Kempski O S, Volk C
Institute of Neurosurgical Pathophysiology, Johannes Gutenberg-Universität Mainz, Federal Republic of Germany.
Acta Neurochir Suppl (Wien). 1994;60:7-11. doi: 10.1007/978-3-7091-9334-1_2.
During injury and ischemia of the CNS mediator compounds are released or activated which cause secondary swelling and damage of nerve cells. Such mediators are glutamate, acidosis, free fatty acids, or high extracellular potassium. Glial homeostatic mechanisms are activated to prevent the secondary injury from these mediators. The glial clearance mechanisms have been studied in detail using in vitro systems allowing for a close control of the glial environment.
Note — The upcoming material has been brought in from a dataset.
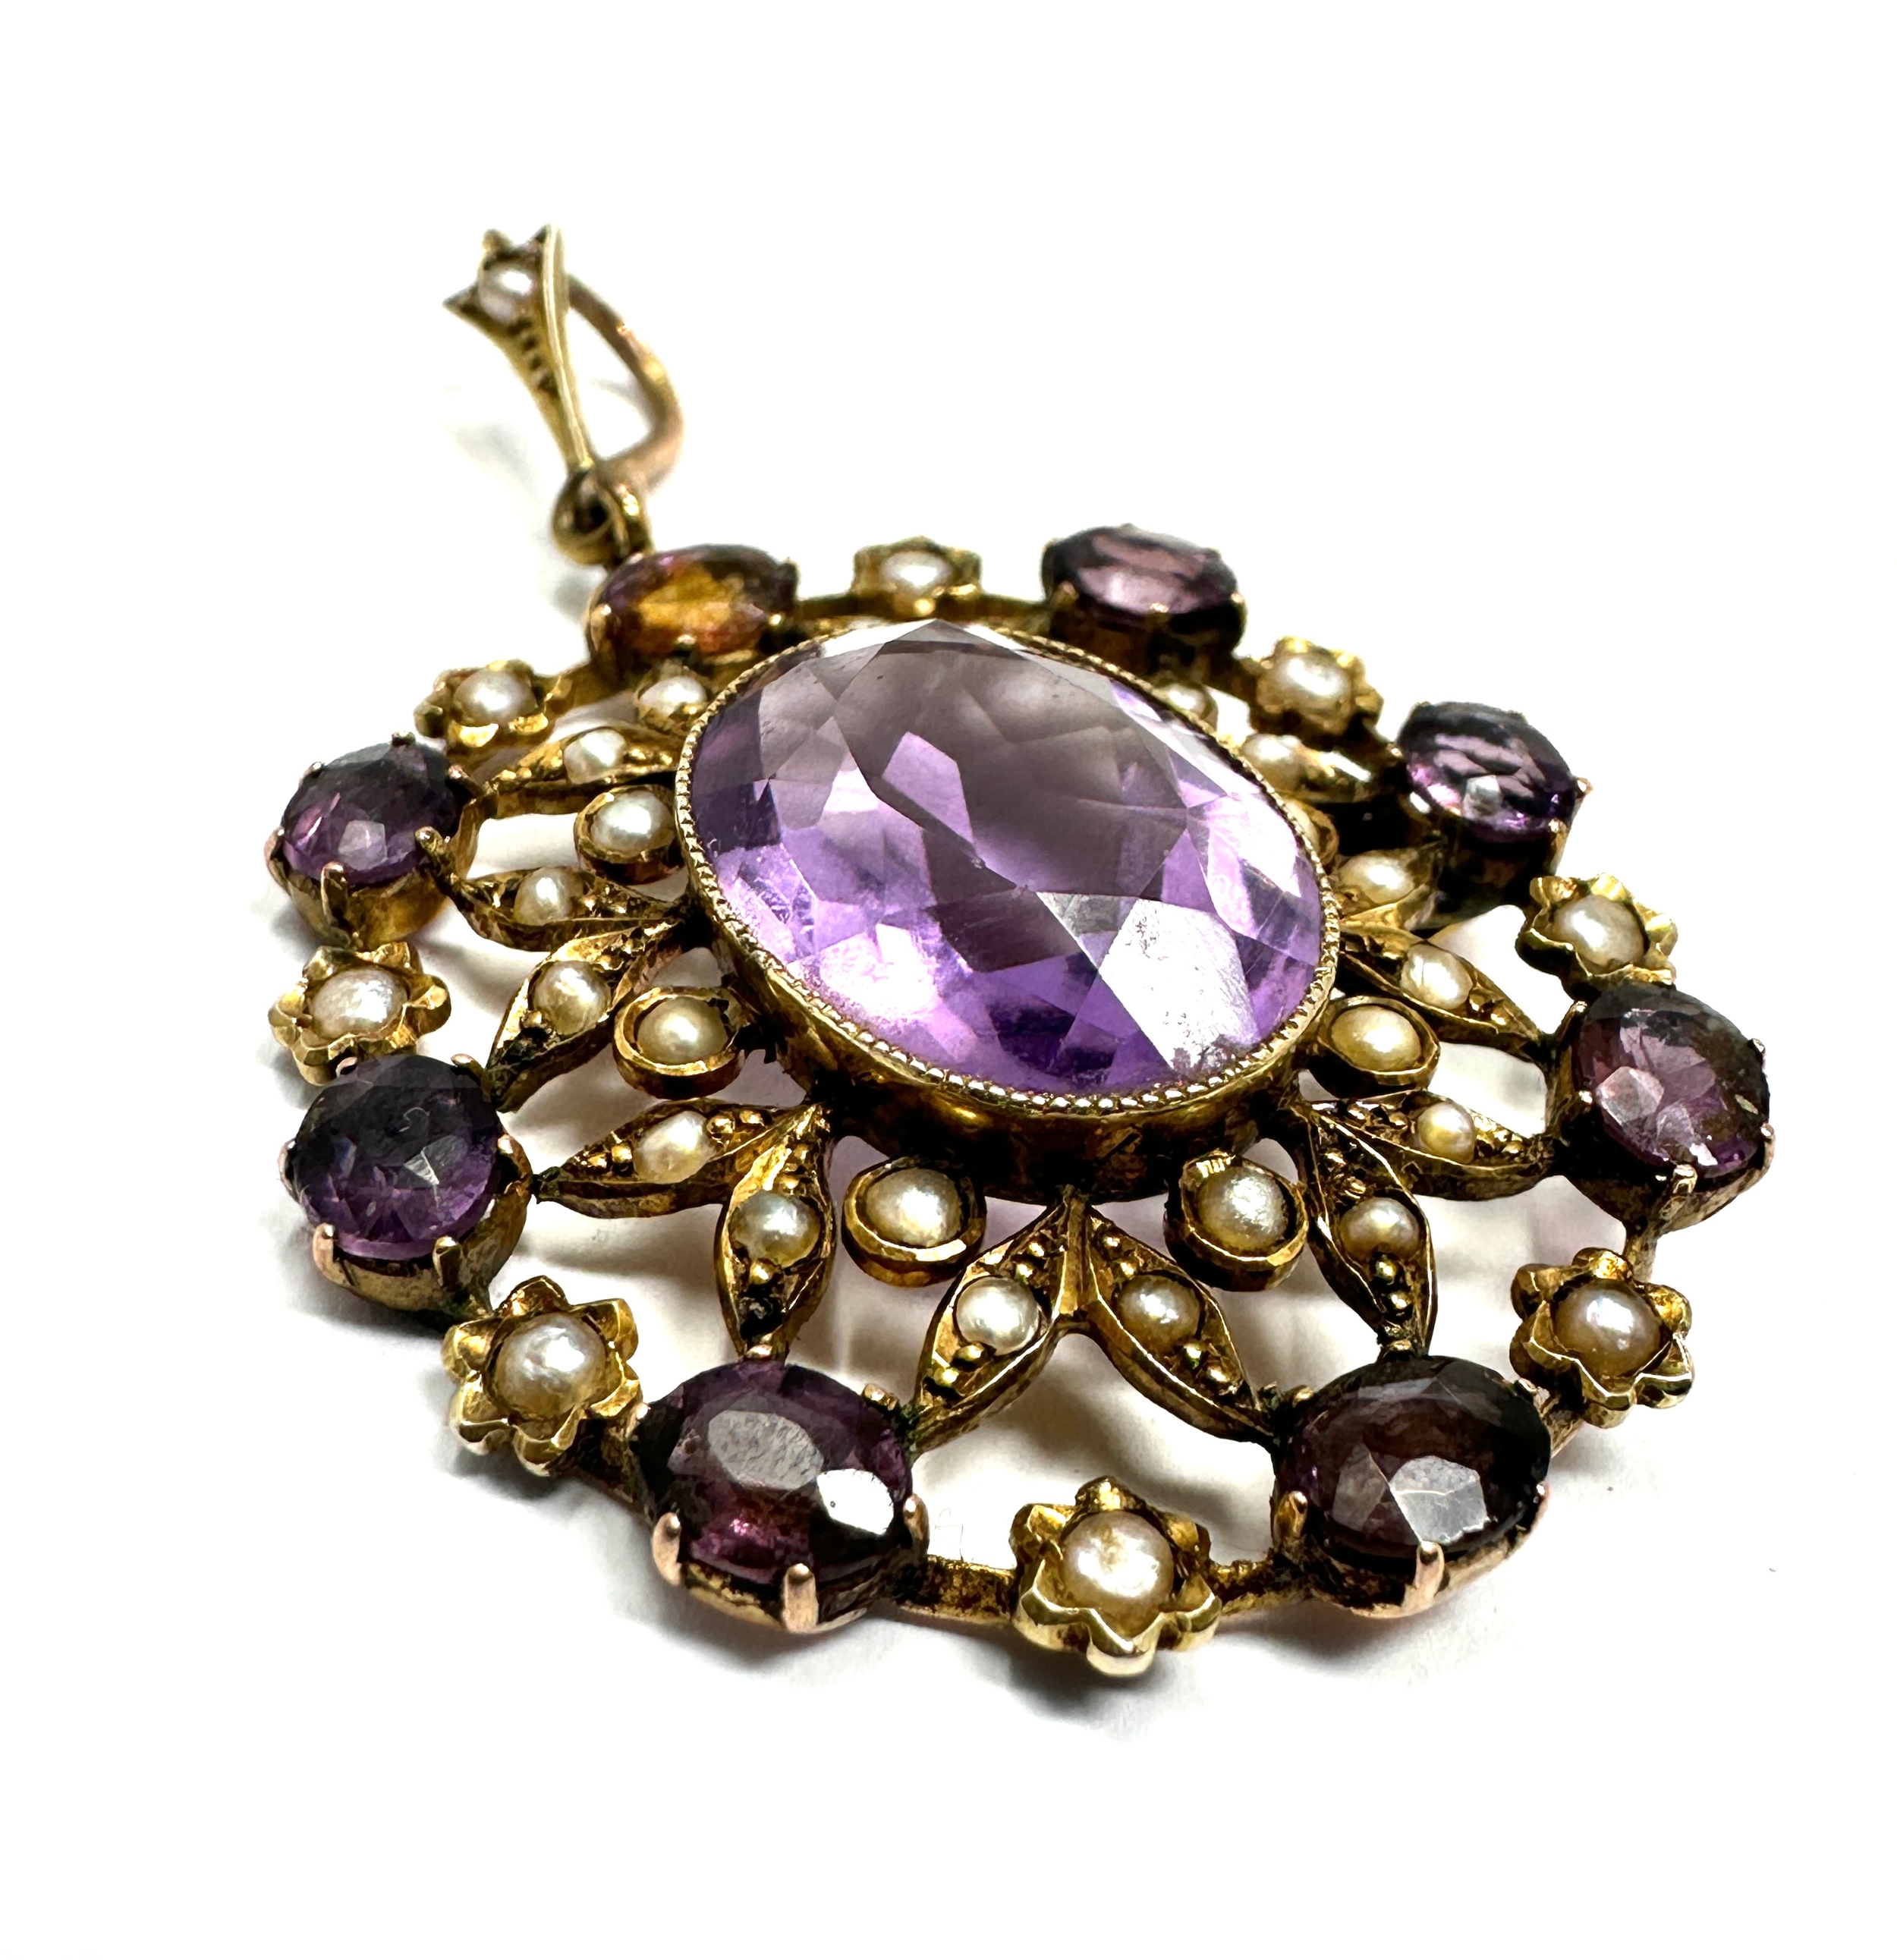 Antique gold amethyst & seed-pearl pendant measures approx 5cm drop by 3cm wide weight 7.4g - Image 2 of 5
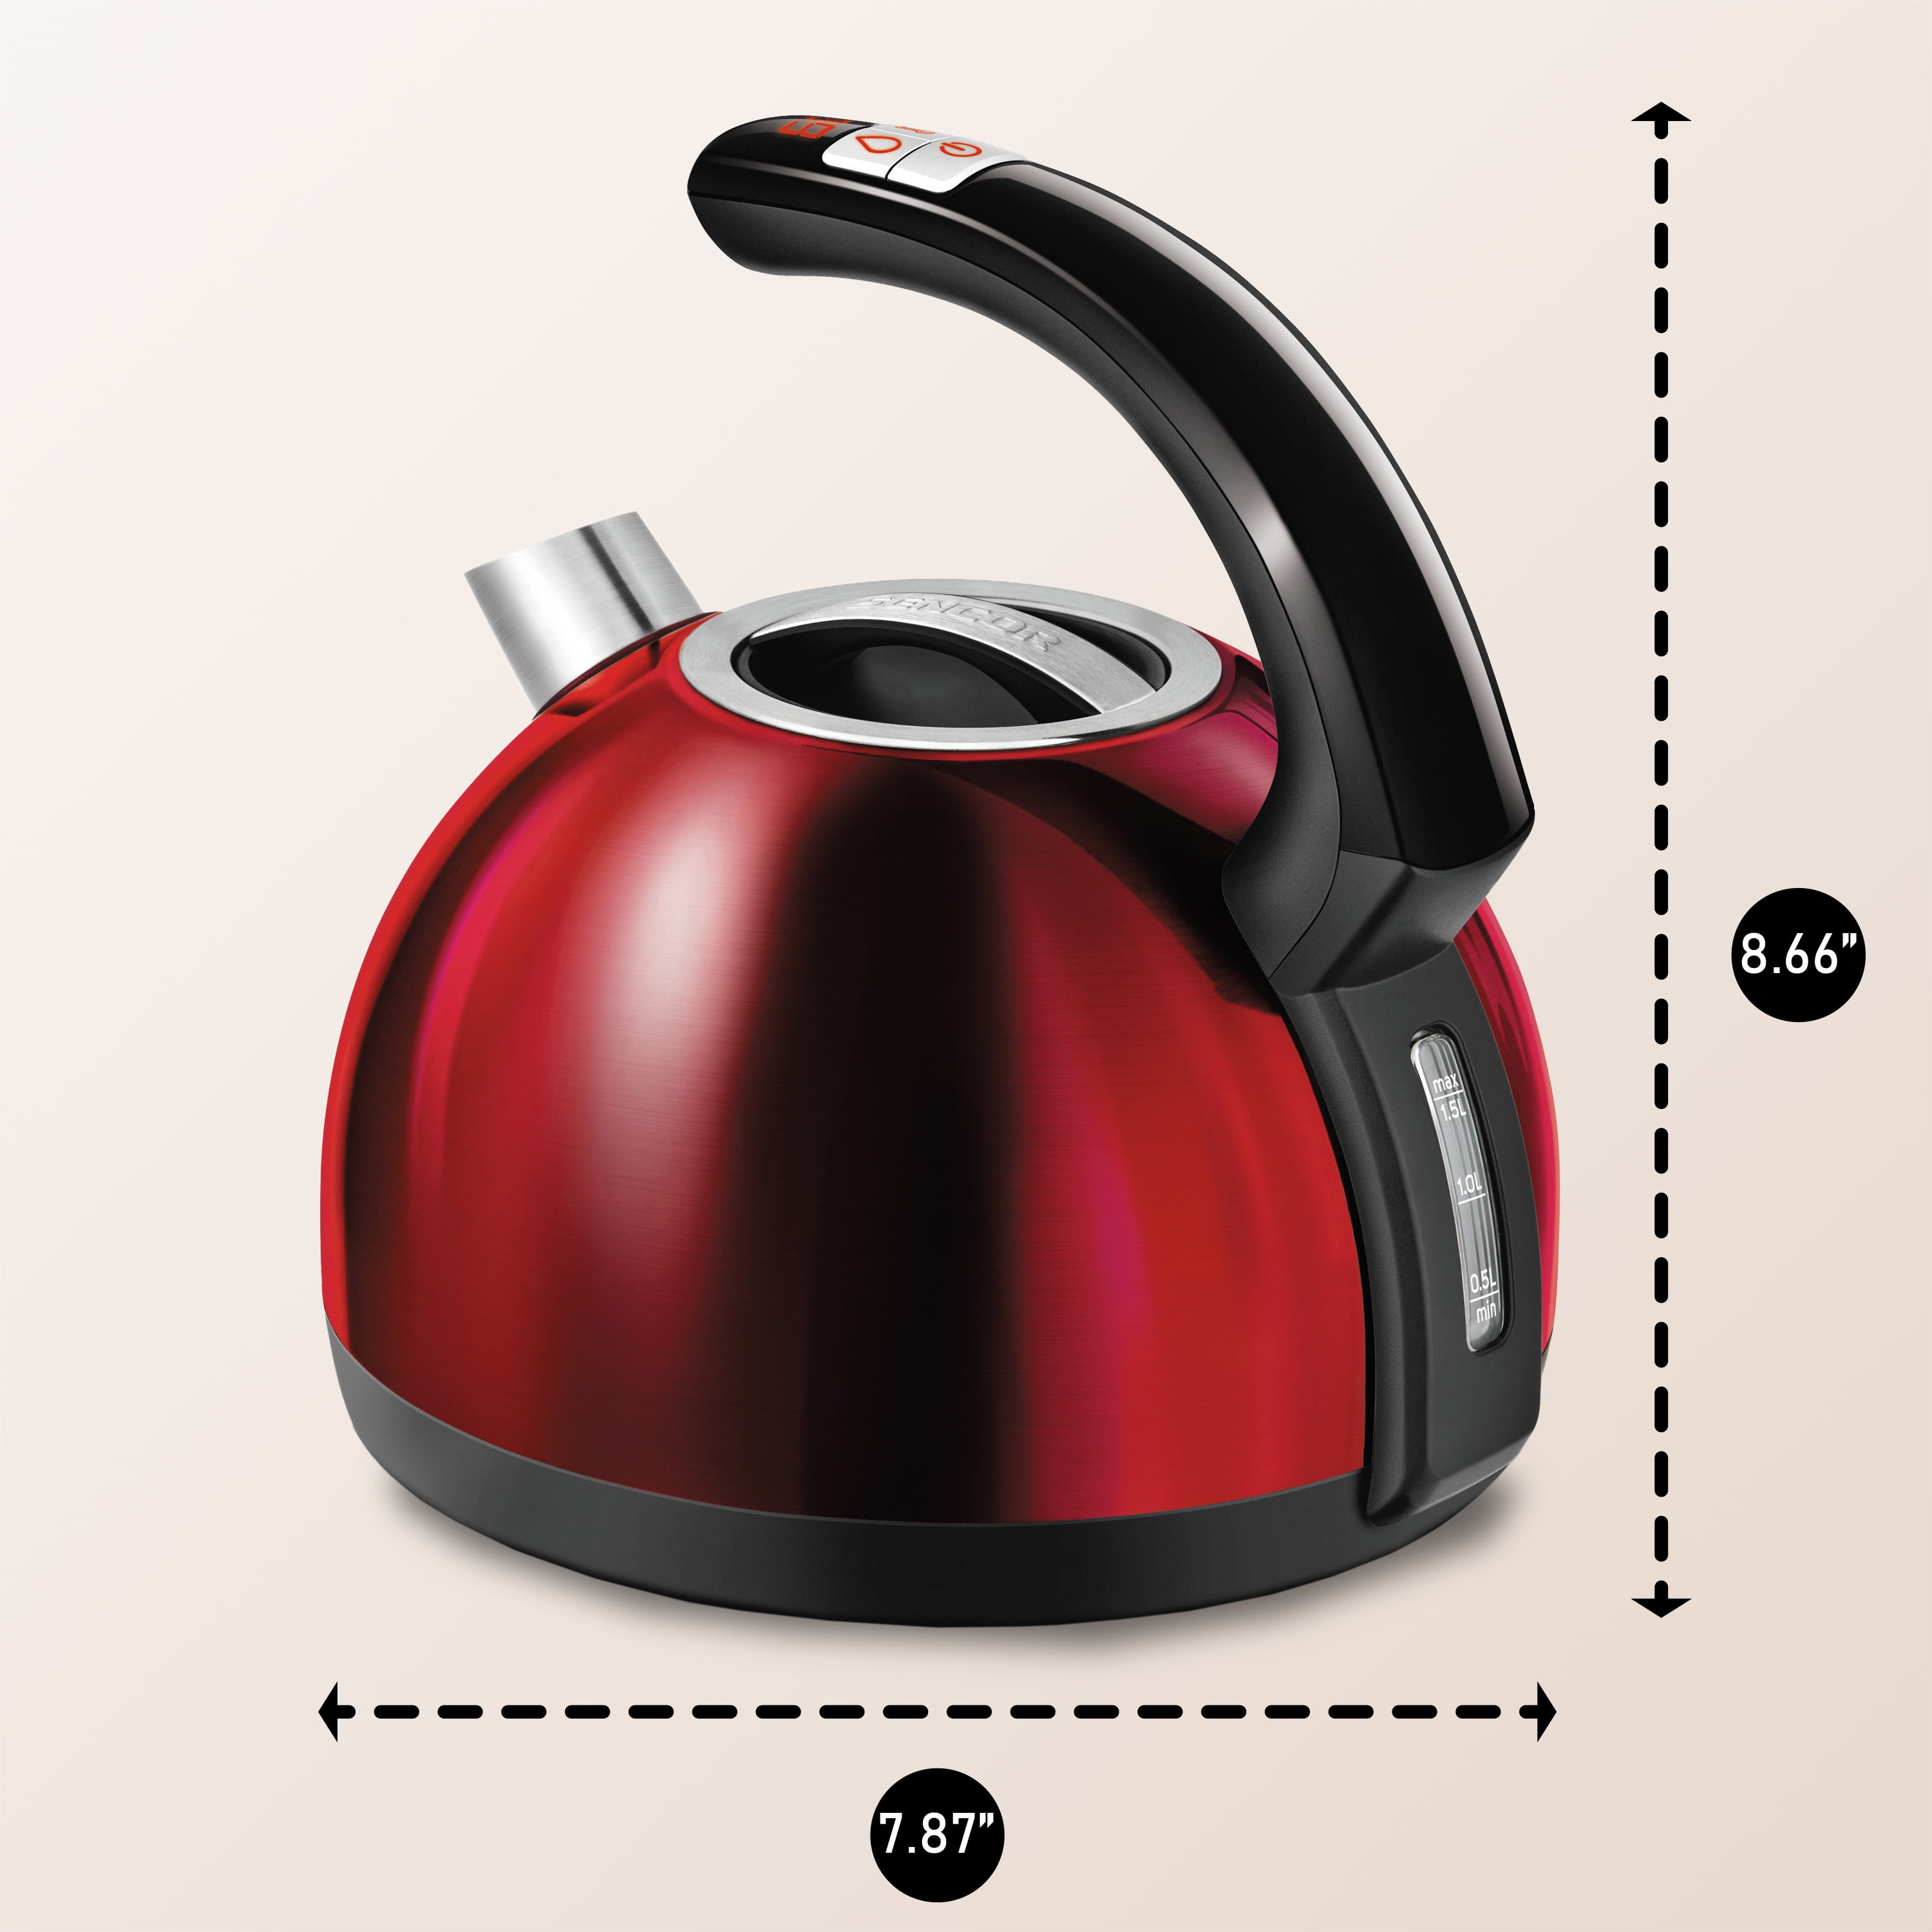 Sencor SWK1573CO Electric Kettle with Display and Power Cord Base

Current evidence suggests glial swelling to occur together with glutamate uptake or in response to extracellular acidosis. Glial swelling, therefore, is rather the result of homeostatic mechanisms than an indication of glial demise.
在中枢神经系统损伤和缺血期间,介导化合物会被释放或激活,从而导致神经细胞继发性肿胀和损伤。这些介导物包括谷氨酸、酸中毒、游离脂肪酸或细胞外高钾。神经胶质稳态机制被激活以防止这些介导物造成继发性损伤。使用能够密切控制神经胶质环境的体外系统,对神经胶质清除机制进行了详细研究。目前的证据表明,神经胶质肿胀与谷氨酸摄取同时发生或对细胞外酸中毒作出反应。因此,神经胶质肿胀更像是稳态机制的结果,而不是神经胶质死亡的迹象。